Network of ‘citizen scientists’ to track climate change
By Tim McDonnell, May 2009
If you’ve ever made mental note of the first flower in spring or the first orange leaf in fall, you’re already a potential phenologist, even if you’ve never heard the term before.
Phenology, or the study of the timing of seasons, is at the center of a new project known as the National Phenology Network, led by the U.S. Geological Survey and housed at the University of Arizona’s Office of Arid Land Studies.
The project aims to amass a giant database of phenological observations, such as blooming flowers and arriving birds to track changes in seasonal timing.
If you think this sounds like something anyone could help do, you’re right.
Much of the NPN is that data is collected from what Executive Director Jake Weltzin calls “citizen science monitors,” everyday members of the public who use worksheets provided online by the NPN to record data about the plants and animals in their own backyards. Botanists and scientists can participate at more involved levels.
“Scientists are few and far between,” Weltzin said, adding that the simplicity of some phenological observation makes is possible and practical to enlist lay people to contribute to the scientific cause.
The NPN has been operating publicly since March 2009 and already boasted 2,500 users by May.
Why phenology? The answer, Weltzin said, is that it can be “a simple, integrative indicator” of climate change.
“The timing of when saguaro blossoms, for example, is a function of a lot of different driving variables: rainfall, soil moisture, temperature, day length,” he said. “But by getting a good handle on flower timing and linking it to those different variables you can get a good handle on what’s the primary driving variable.”
That primary driving factor, said NPN Network Liaison Theresa Crimmins, is often temperature. The Intergovernmental Panel on Climate Change reported in 2007 that average global temperatures could rise several more degrees by mid-century, on top of the 1.4 degree Fahrenheit increase observed from 1900 through 2005.
The temperature rise has an impact on phenology, such as by changing the patterns of species migration.
The monarch butterfly, Danaus plexippus, is cued to migrate when the sun reaches a certain angle in its yearly rotation, Crimmins said. The butterfly feeds and pollinates a number of plant species that bloom when the weather is warm enough.
Because the sun’s pattern is the same every year, the butterflies always migrate at the same time. But as temperatures rise earlier in the season, plants bloom earlier as well.
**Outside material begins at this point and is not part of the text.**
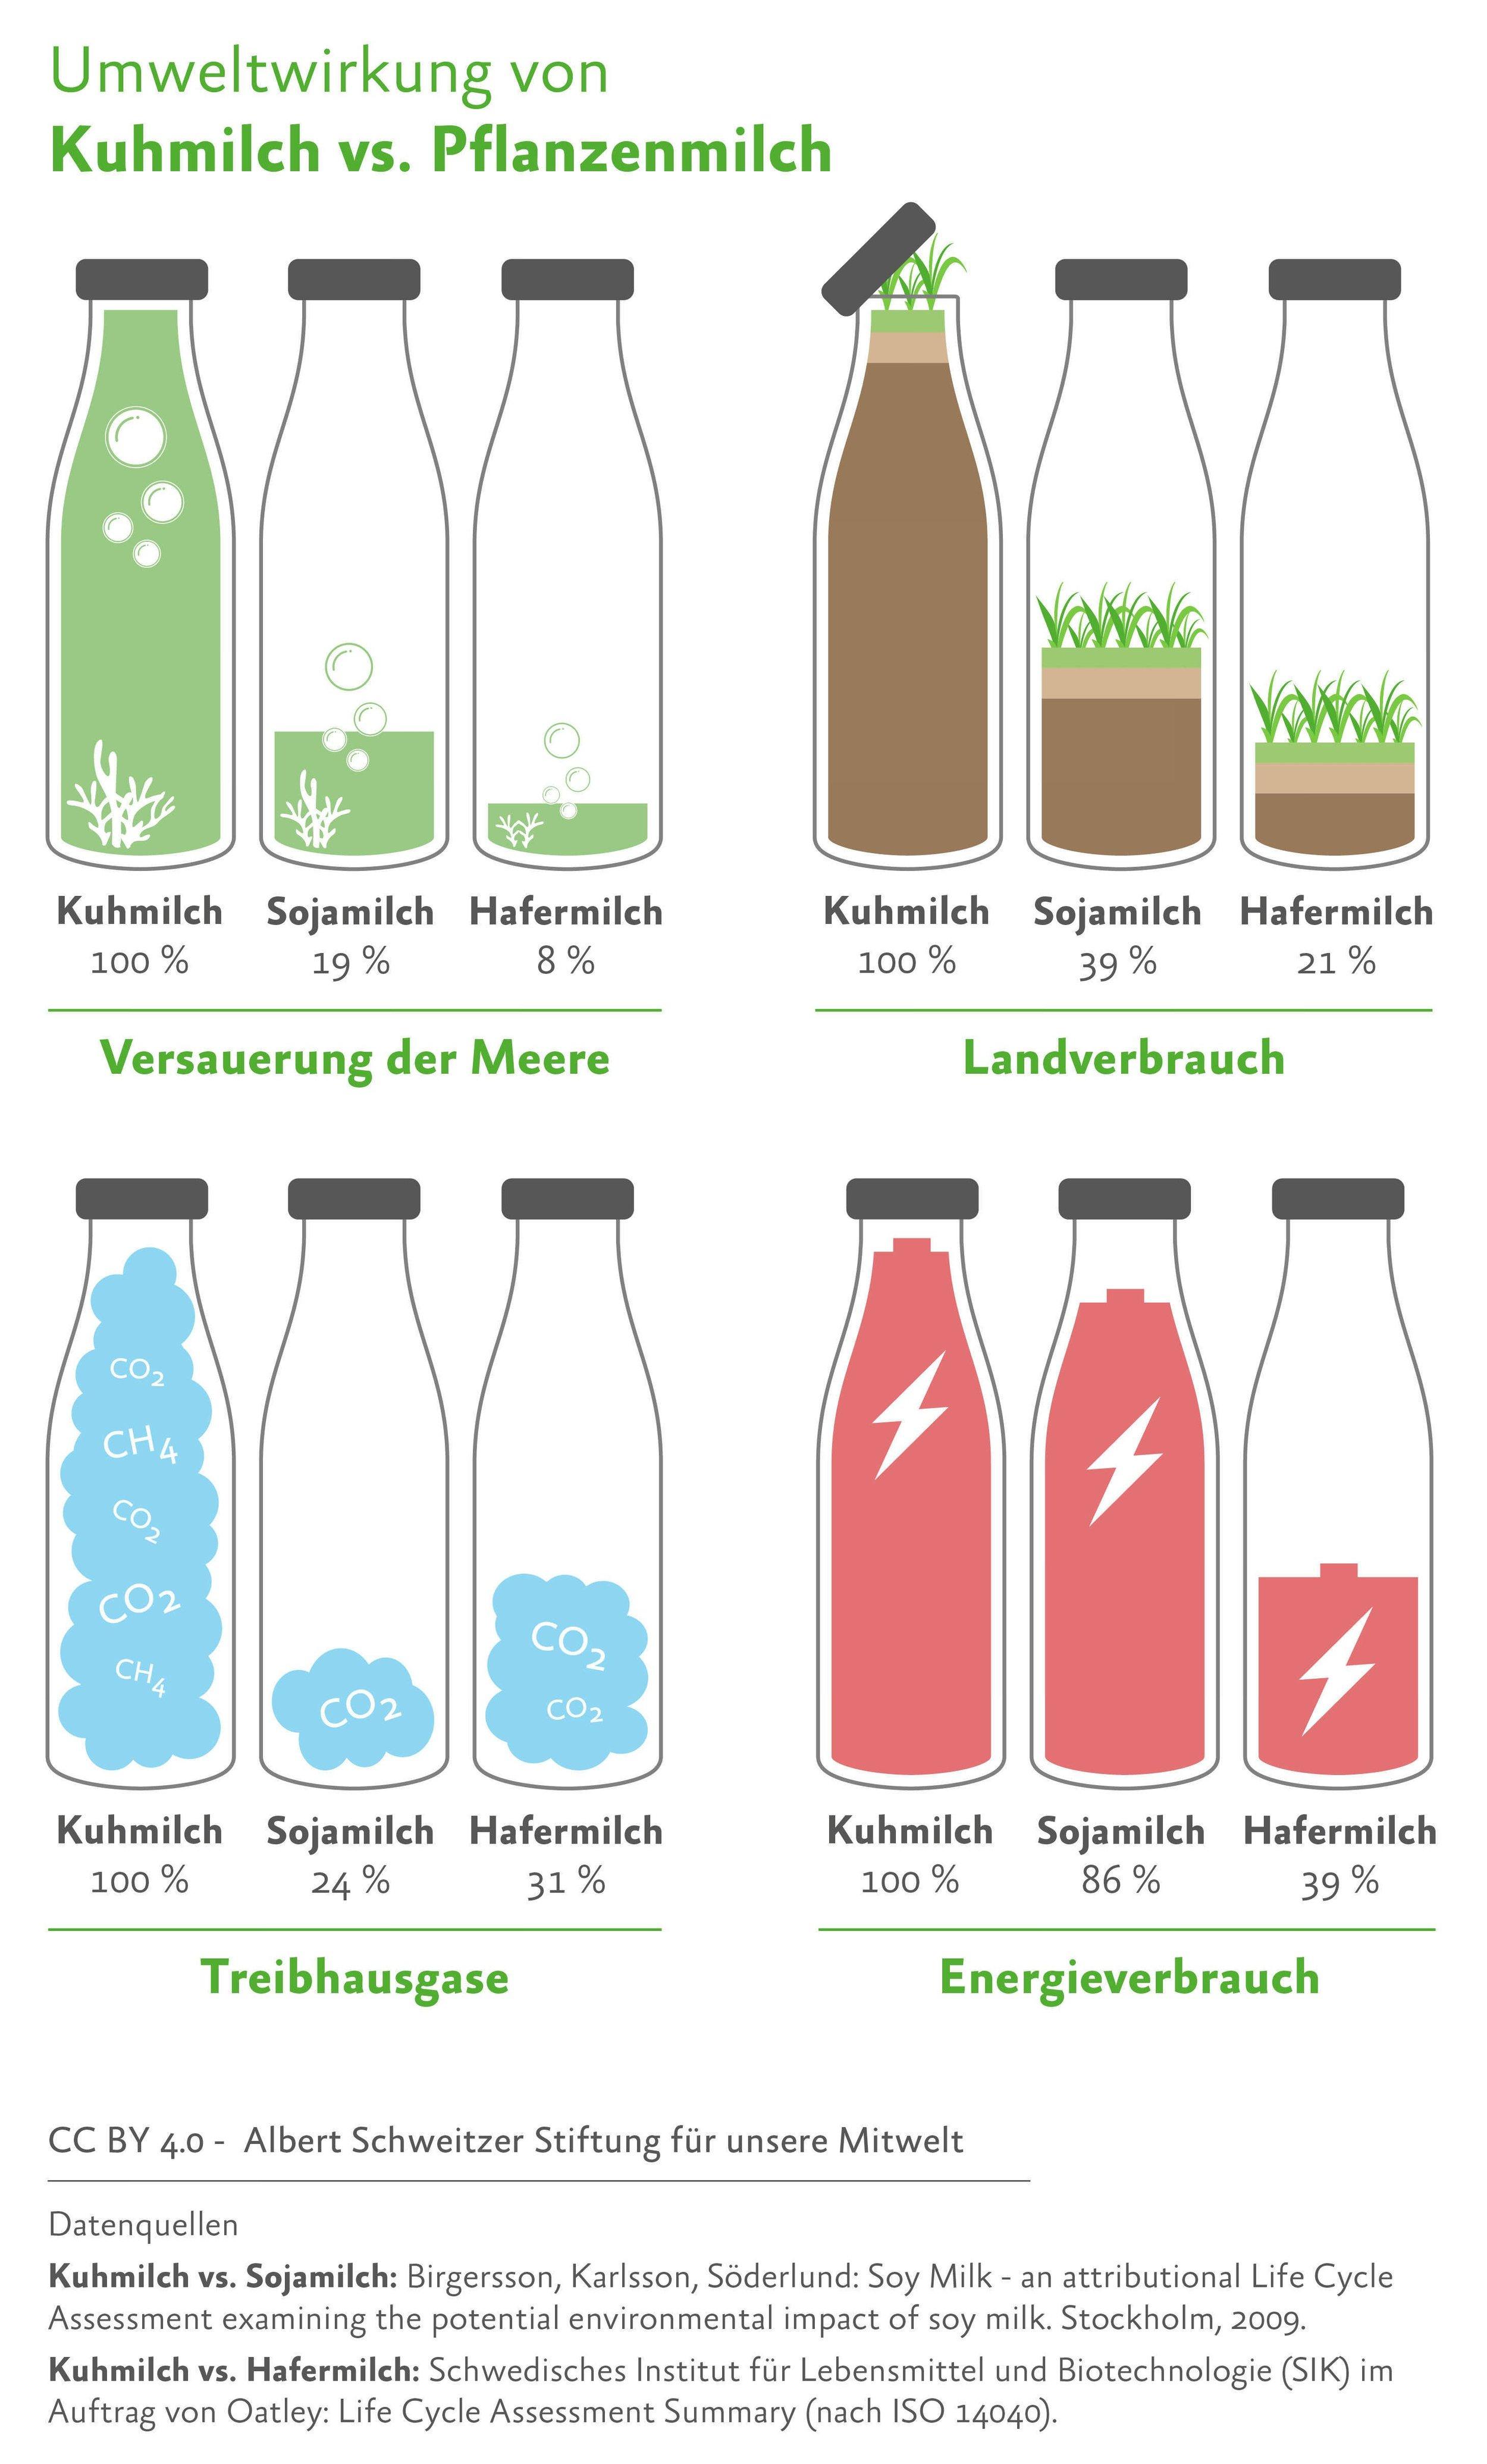 Quelle: https://albert-schweitzer-stiftung.de/aktuell/oekobilanz-pflanzenmilch?utm_source=nl18-11-12&utm_medium=email&utm_campaign=w-nl

The result, Crimmins said, is that the monarchs might miss their chance to eat.
But the NPN doesn’t exist for the sake of butterflies, however unfortunate their situation, Crimmins said. Ultimately, the idea is to use phenological data to help make decisions about land management.
“We need to better understand how ecosystems are responding to climate change,” Crimmins said. “This network can also help us, as humans, adapt to this and inform management decisions about land use.”
Having a widespread network of citizens rather than a concentrated group of scientists is essential to the project’s success, Weltzin said, because people are often able to notice things in their backyards that might not get picked up by the kinds of imaging techniques generally employed to assess phenological factors, such as overall greenness.
The NPN’s method is simple: interested contributors register at usanpn.org, selecting a location and species of plant to observe. The network is available all across the U.S., but is not yet programmed to accept animal observations. Contributors then print out a worksheet specially designed for that species with a series of simple observational questions. This data is entered online, with observations continuing for as long as the contributor is interested.
The process is exciting, Crimmins said, but by no means new: people have been informally collecting phenological data for centuries. Although it is difficult to scientifically standardize great-grandma’s diary entries about the arrival of bluebirds, such data could prove invaluable, she said.
“If we can bring together data sets that folks have been collecting for the past 10, 20, 30, 100 years, we suddenly can look backwards, and expand our record immensely, and you can’t put a value on that,” she said.
Britain has hosted a similar program, the Butterfly Monitoring Scheme, since 1976. The program utilizes a ‘citizen scientist’ watch network similar to NPN’s, although confined solely to butterflies.
The BMS gathers reports from 134 sites across Britain, according to its website. Canada, the Netherlands and other European countries also have been monitoring changes in phenology for many years, via scientific studies and citizen efforts.
Ironically, one of the biggest challenges scientists will face in interpreting this information is deciding how to actually attach a date to the “arrival” of a season. Part of the difficulty, Weltzin said, is that some methods for date assigning work well in some geographic locations but not in others.
“Different natural systems do things differently,” Weltzin said. “We’re trying to establish a single point along a spectrum of space and time that defines that system, and it’s almost impossible to do.”
To illustrate, Weltzin pointed to a mesquite tree outside his office window.
“We can see that it has green leaves on it, but it had green leaves on it all winter long,” he said. “It never gets cold enough to kill the old leaves, so gradually new ones come out and push the old ones off. Probably all those leaves we see up there now are new, I guess, so when did the season start for that? When the first new green leaf came out, you could argue. Or was it when there were new leaves on three parts? That’s what we’re trying to standardize.”